Eppure, sappiamo che la solitudine negli anziani, specie in giornate come queste, può portare alla depressione, che diventa, poi, assenza di interesse verso sé stessi e verso il mondo che li circonda. Può portare gli anziani soli addirittura a perdere interesse per il cibo e per la cura del proprio aspetto e della propria salute, entrano cioè in quella fase nella quale attendono con impazienza di lasciare il mondo terreno pur di «non dare più fastidio».

Quante volte abbiamo incontrato persone anziane che vivono con grande sofferenza il peso degli anni, che preferiscono perdersi nei loro pensieri piuttosto che parlare, che vivono nella continua paura di restare da soli, che ascolteranno senza reagire quelli che li chiameranno vecchi per offenderli.

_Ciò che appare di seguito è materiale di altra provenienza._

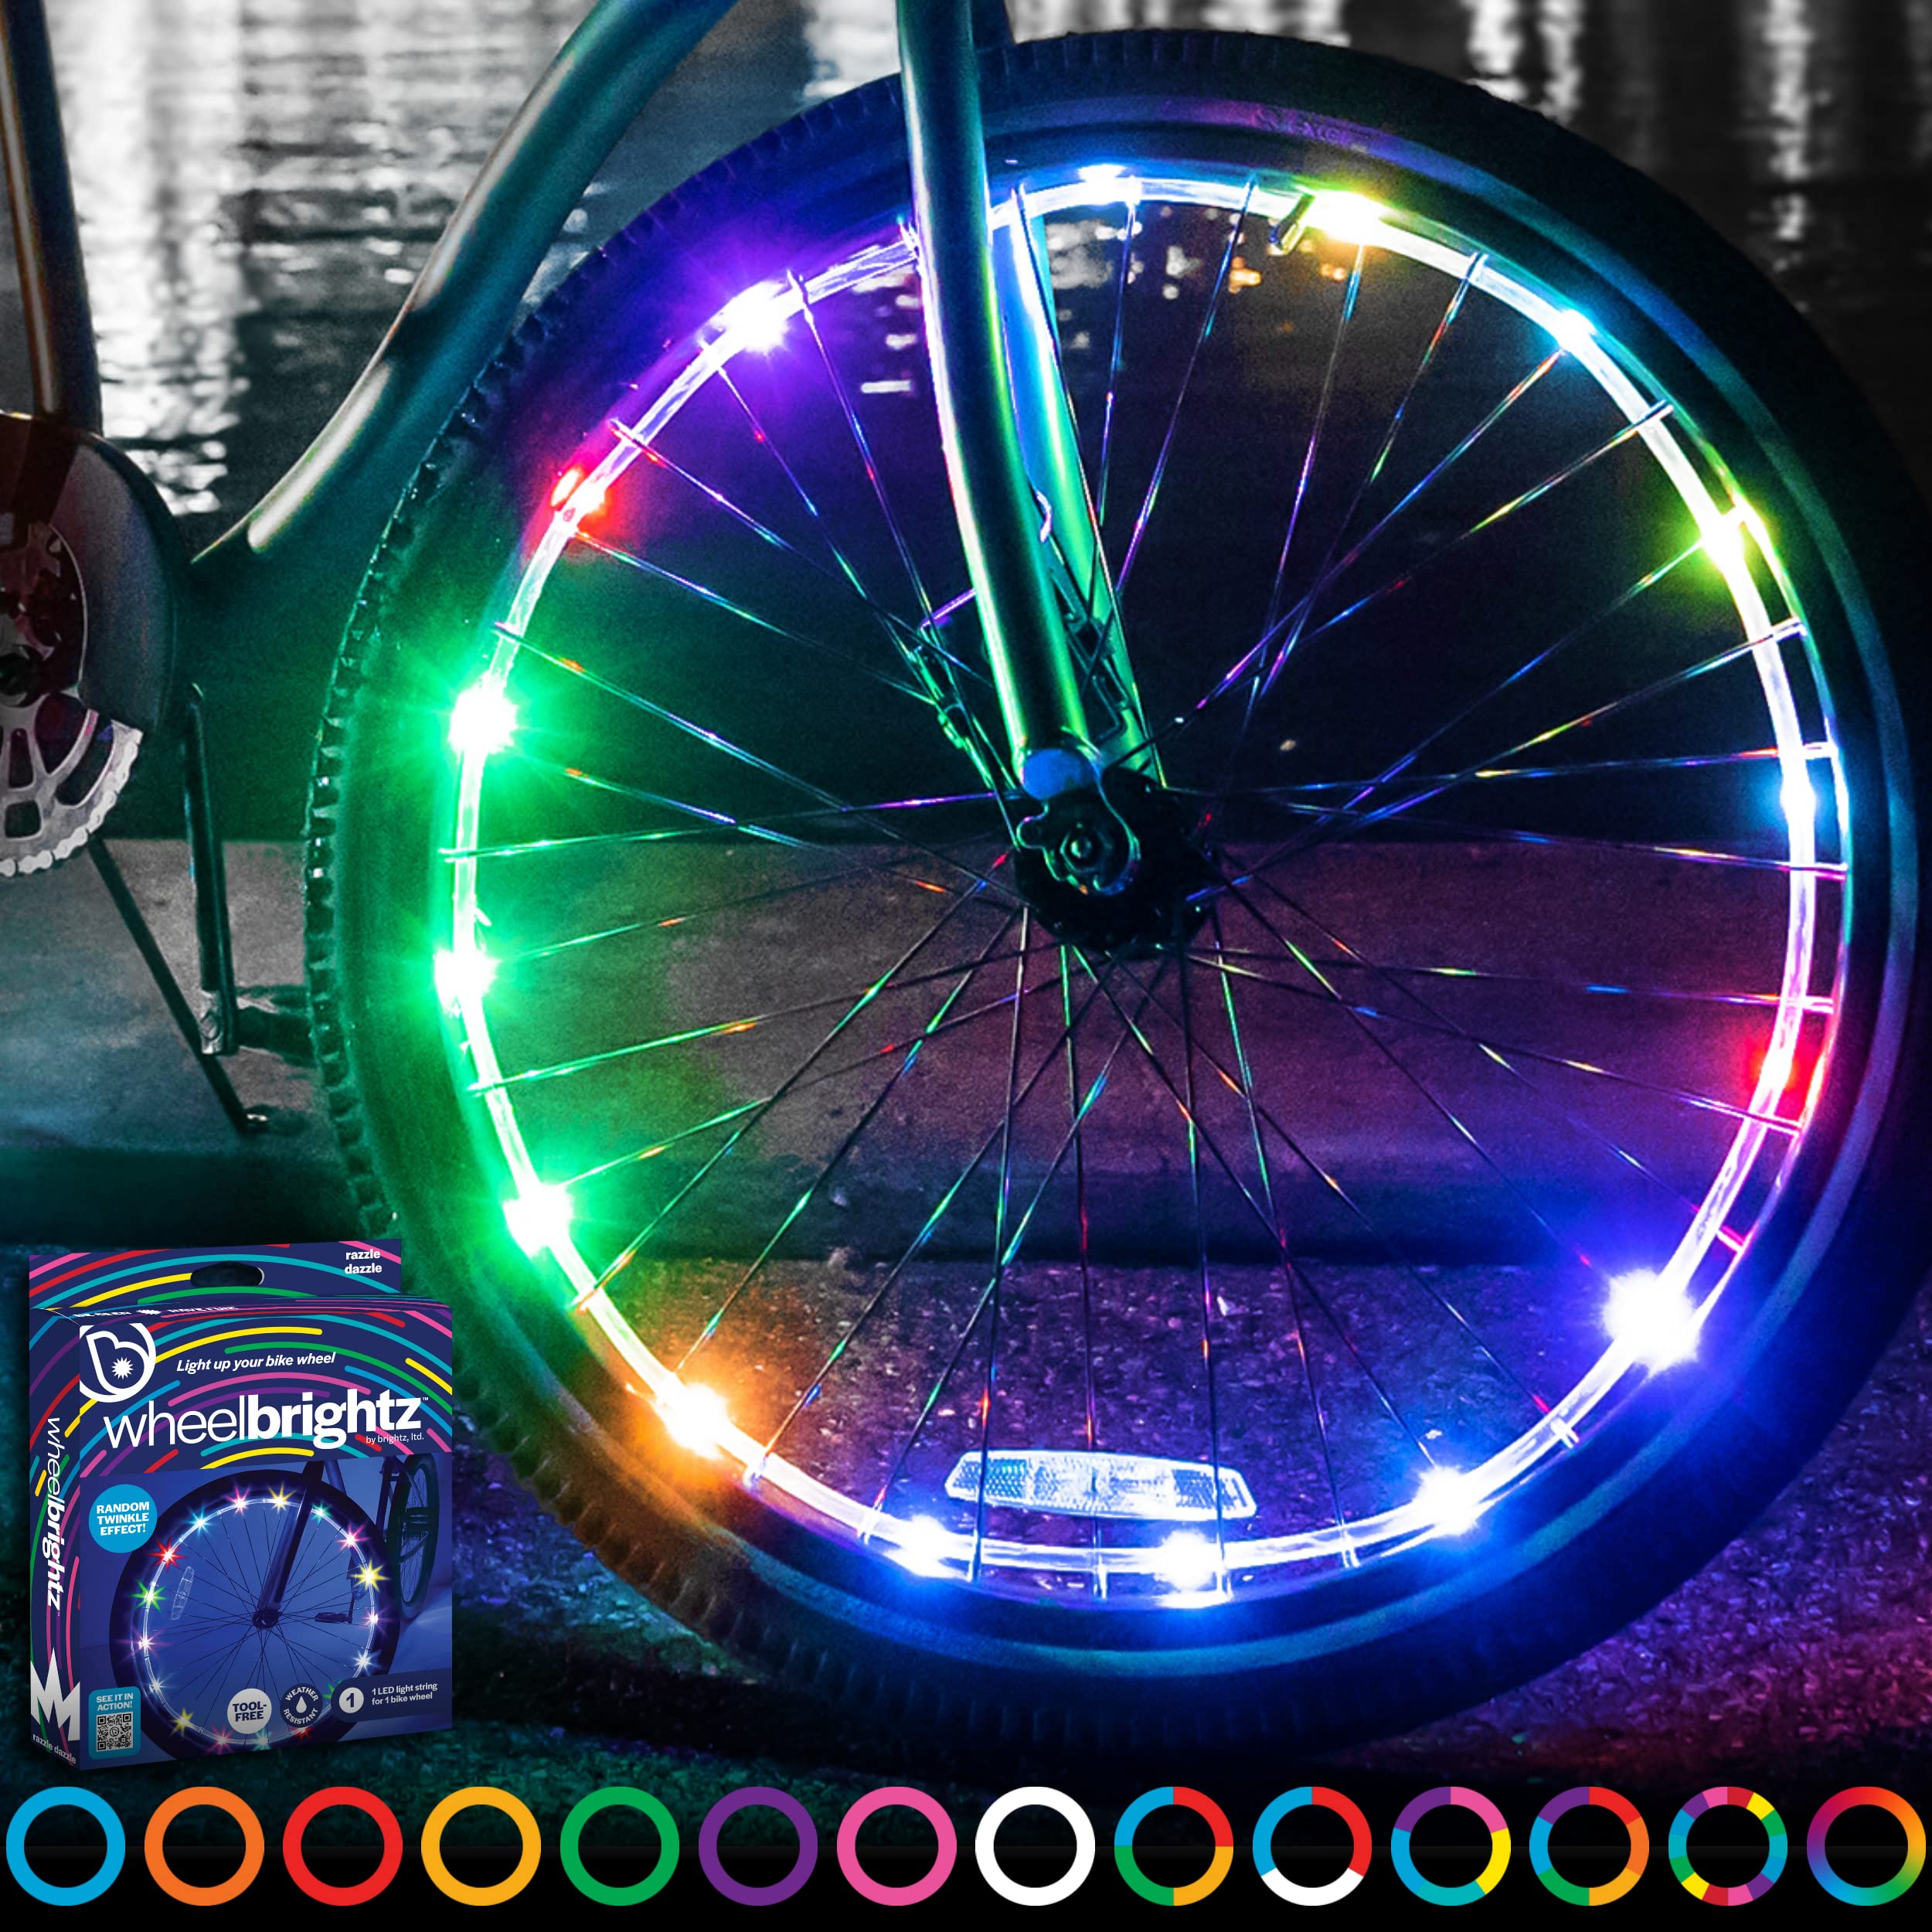 Brightz WheelBrightz LED Bike Wheel Light Pack of 1 Tire Light Bike Wheel  Lights Front and Back for Night Riding Battery Powered Bike Lights - Bicycle  LED Spoke Light Decoration Accessories Razzle Dazzle

La società nella quale viviamo non apprezza il valore degli anziani, non ne comprende il prezioso patrimonio culturale e di esperienza e li relega ai margini perché per loro non c’è posto nella società capitalista, nel mondo dove l’unica cosa che conta è arrivare, una vita fortemente condizionata dalla globalizzazione e dal consumismo, dalla massificazione degli usi e dei costumi.

Oggi le emozioni vengono pilotate e sostituite da freddi spot pubblicitari, la realtà deformata attraverso le telecamere dei vari reality show. Tutto viene controllato, manipolato, per costringere all’uniformità le masse, non più singole identità personali ma una collettiva più facilmente condizionabile al consumo economico, politico e culturale.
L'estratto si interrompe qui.